Distúrbios em Sistemas de Energia

2.1 Introdução

O sistema elétrico é projetado para operar em regime permanente em maior parte do tempo,
e, portanto, deve também está preparado para suportar solicitações de tensão e corrente,
denominadas de sobretensão e sobrecorrente;

As sobretensões são geradas por efeitos externos ao sistema elétrico, como descarga
atmosférica, ou pelo próprio sistema, como sobretensões internas causadas por manobra;

É possível reduzir o número de descargas na LT utilizando-se condutores aterrados nas


estruturas das torres (cabos-guarda);

Os sistemas de transmissão devem suportar surtos de chaveamento de disjuntores, em


situações como:

- energização e religamento de linhas;

- manobras de cargas indutivas e capacitivas;

- ocorrência e eliminação de faltas;

- ressonância linear e ferrorressonância;

- religamento monopolar;

- rejeição de carga;

- tensão de restabelecimento transitória.

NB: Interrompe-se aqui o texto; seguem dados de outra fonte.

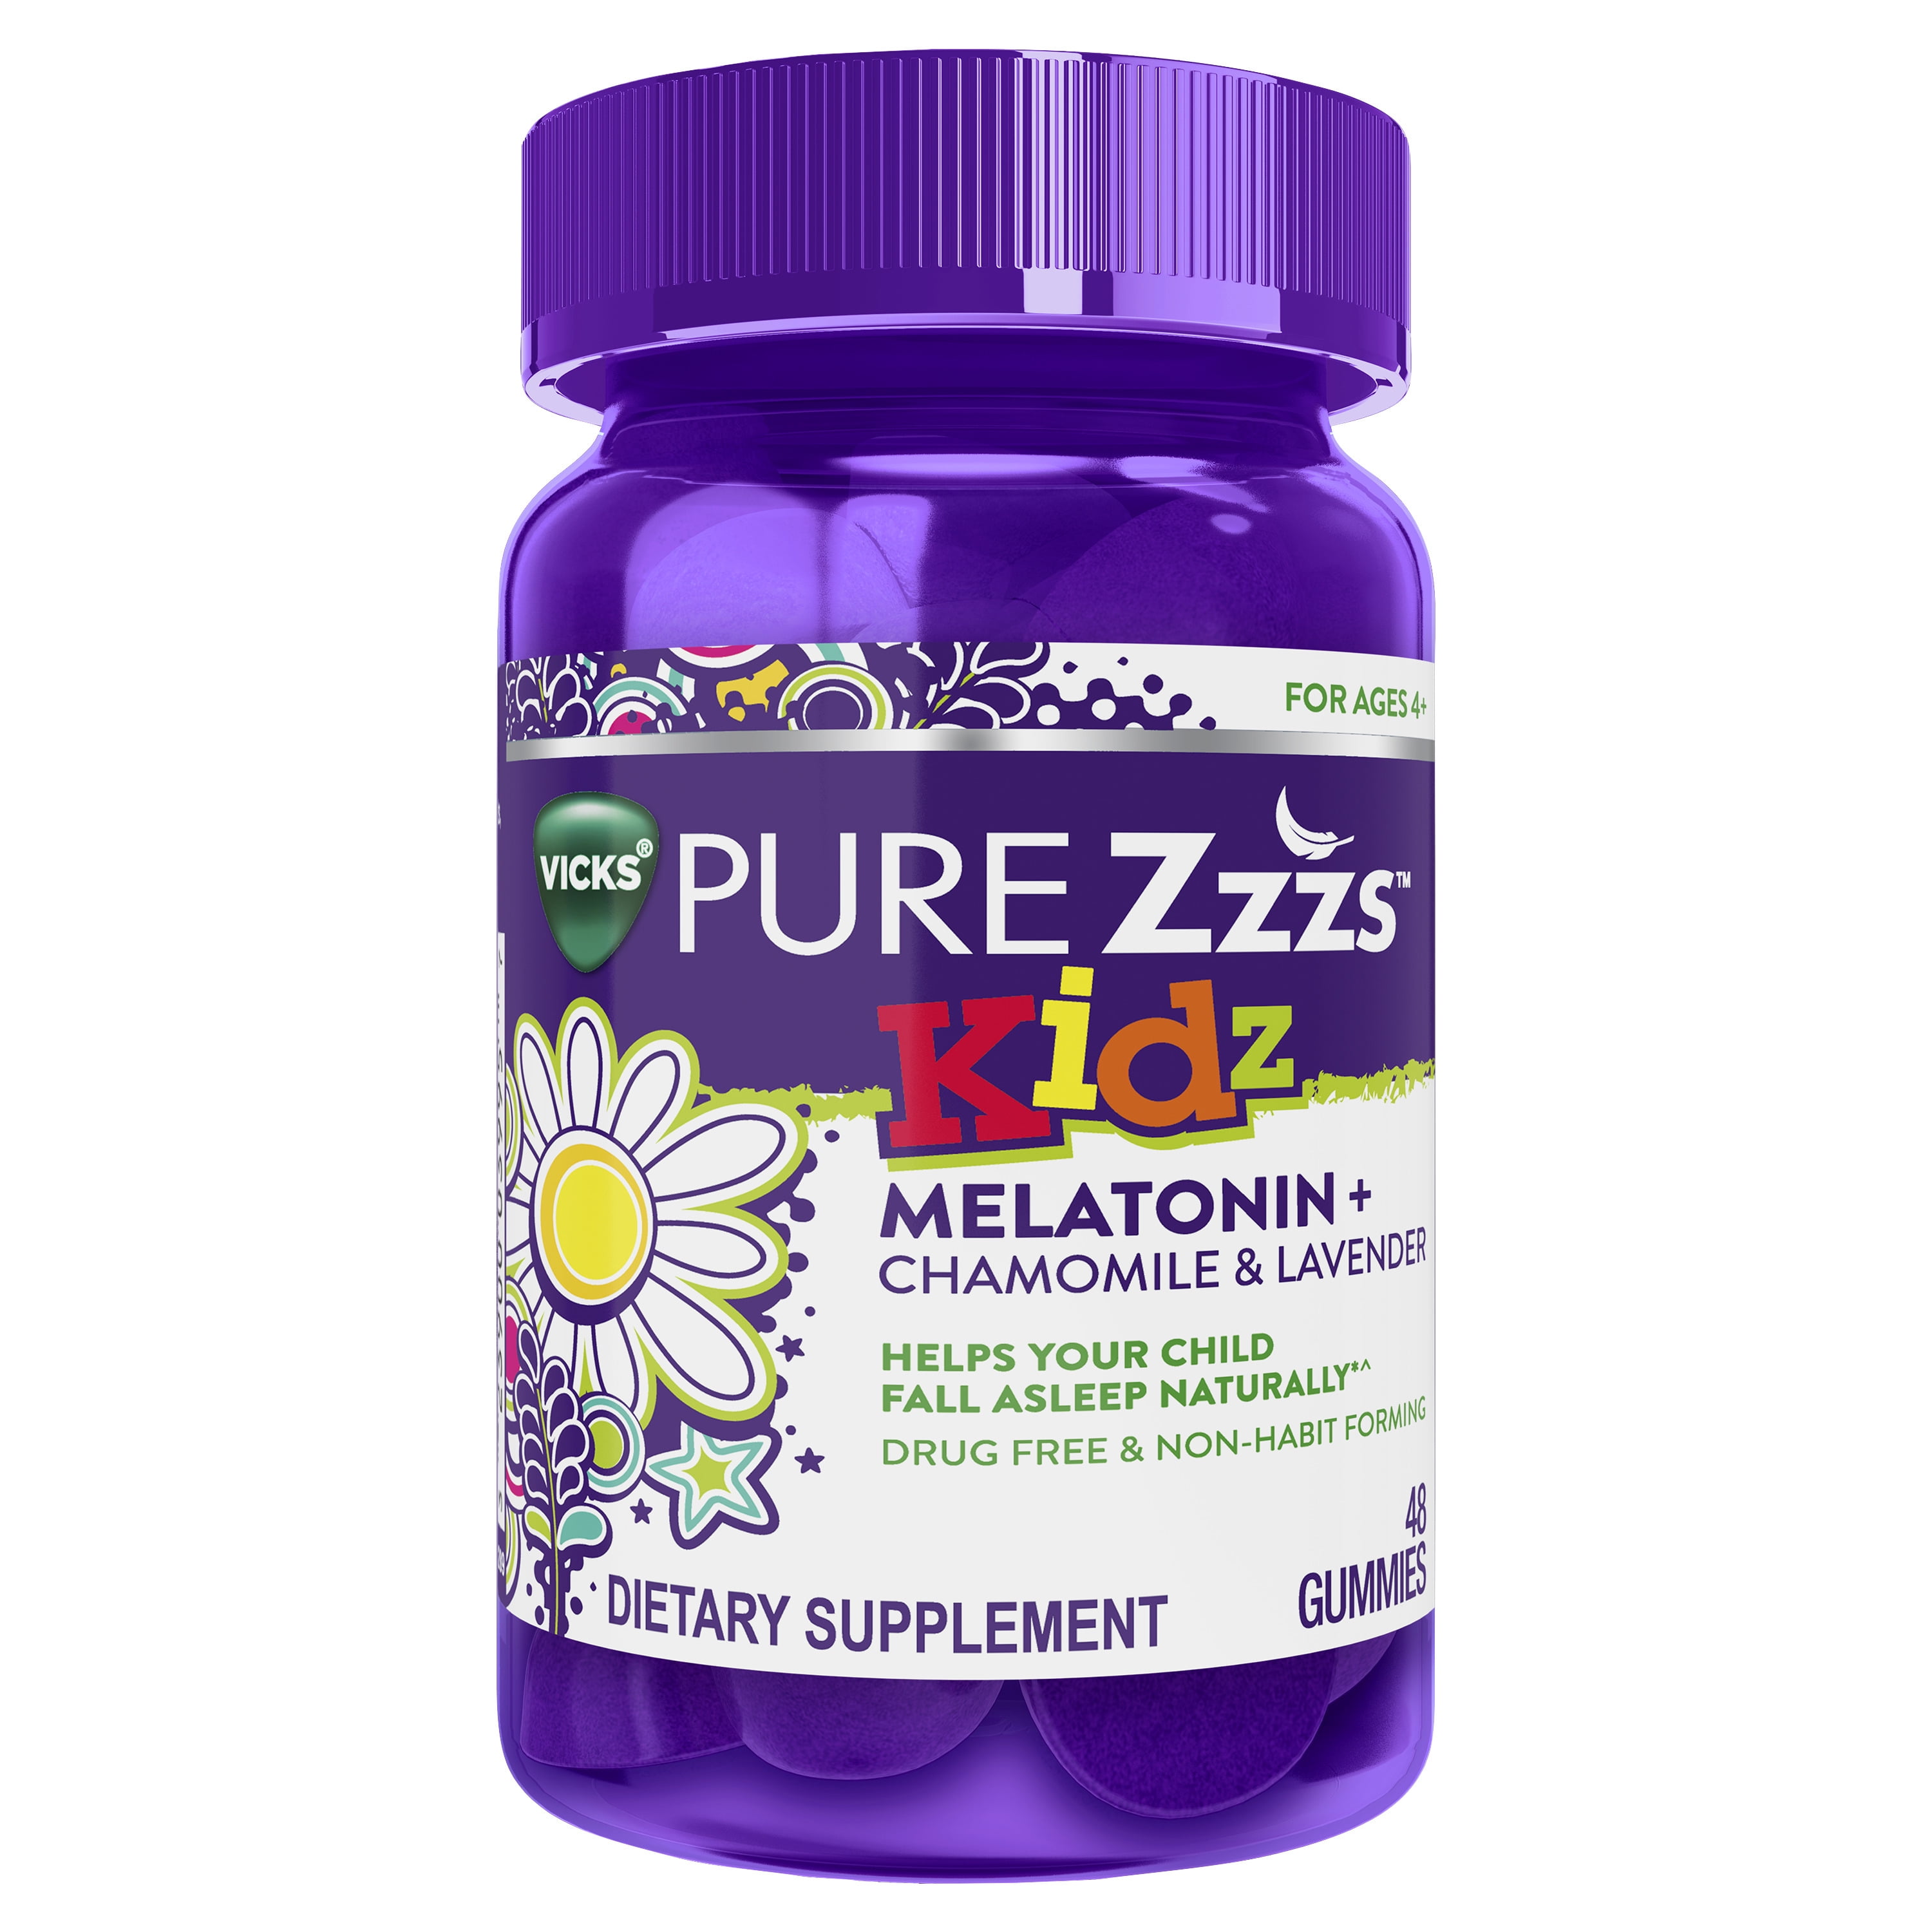 Vicks Pure Zzzs Kidz Sleep Aid Gummies, 0.5mg Melatonin per gummy, Dietary Supplement for Ages 4+, 48 Ct

Ao considerar o exemplo da figura, é possível descrever algumas situações que eleva os níveis
de tensão entre os pontos A e B.

1. Ao considerar todos os disjuntores D abertos e ao energizar a LT pelo fechamento do


disjuntor D1, ocorre que a onda de tensão e corrente seguem em direção ao ponto B.
Porém, como o D2 está aberto, a onda reflete para o terminal A. Essas ondas viajantes
são amortecidas pela resistência da linha. As reflexões sucessivas ocorrem até que a
magnitude da onda torna-se nula.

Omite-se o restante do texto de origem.